For, if this is the way H. defines "ordinary time" (and what else can "the key characteristic" be if not a defining one?), then he has no need to "show" (or, to use even more accurate translation of the verb nachweisen--to demonstrate) the derivative character of the ordinary time; such a character being presupposed in the very definition of the latter.
This is precisely why I strongly disagree with your reading of this phrase. I believe that H. here defines "ordinary time" as "a beginning-less and endless now-series".
I.e., the key characteristic of it is its being an endless and beginning-less sequence, every element of which is a now.
This is an immediately recognizable (epi-)phenomenon. I.e., H. begins with an "appearance". What remains to be demonstrated (or, proven) is that this is only an appearance; or, in other words, that this phenomenon is derivative.
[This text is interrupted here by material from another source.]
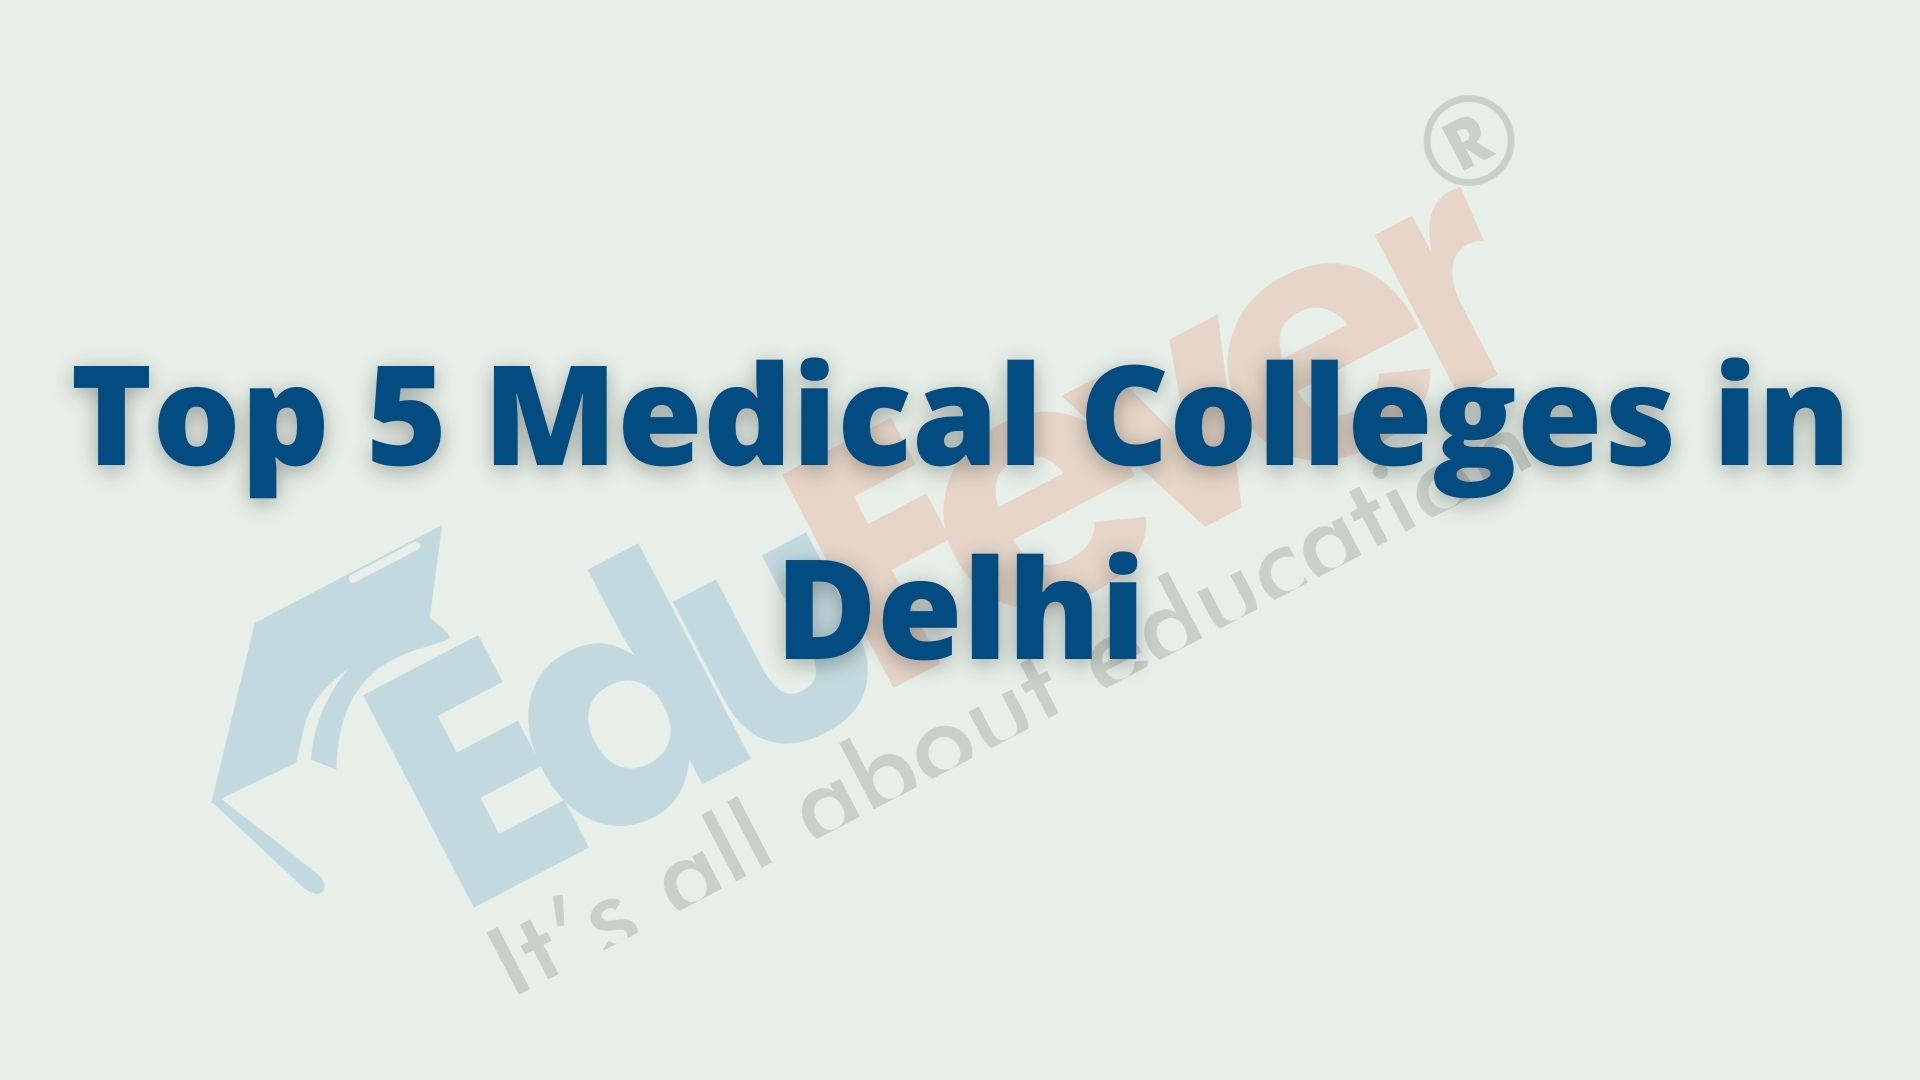 Top 5 Medical Colleges in Delhi
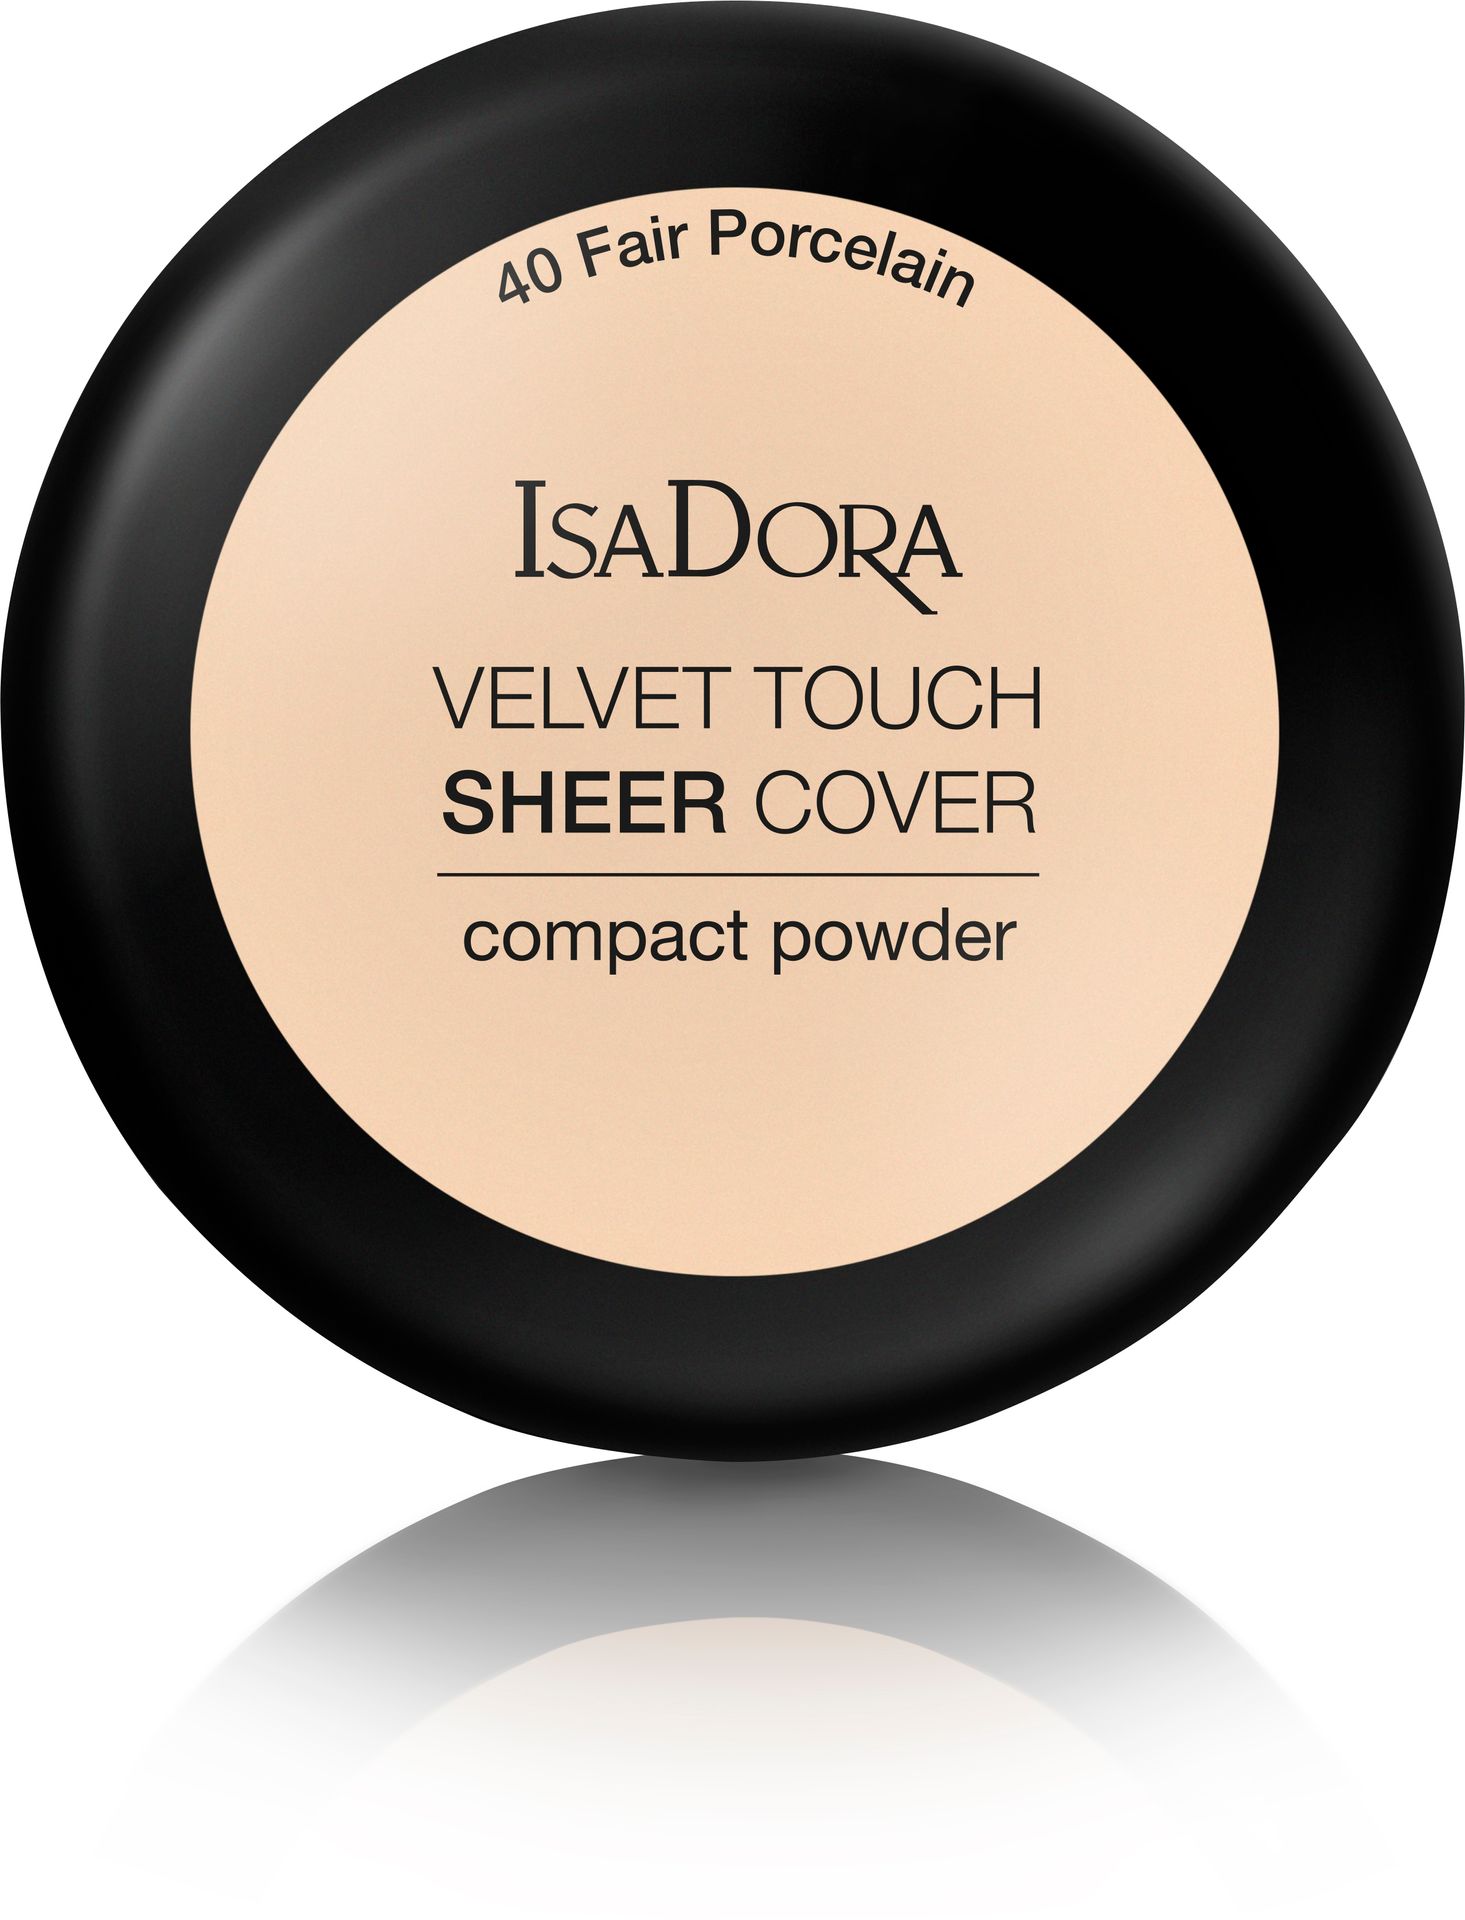 IsaDora Velvet Touch Sheer Cover Compact Powder 40 Fair Porcelain

Demonstrating this is precisely the task H. sets here for the rest of the book.
Only having fulfilled this task, H. will have the right to call "temporality", which he first introduced earlier in the same section (H. 326), "originary time." For, to have a right to call anything "originary" (ursprünglich), one has to show that something does originate (entspringt) from it.
At this point (=in section 65) H. does not yet have any grounds for claiming the existence (or Zeitigung, or whatever) of originary time. He thus could not possibly introduce here ordinary time as an originary one leveled off.
I infer from this that H. here says that in ordinary time "the ecstatical character of originary time is leveled off" only in anticipation of the point in his exposition at which the originary character of--i.e., the derivation of ordinary time (defined here as an infinite sequence of nows) from--temporality, will have been demonstrated.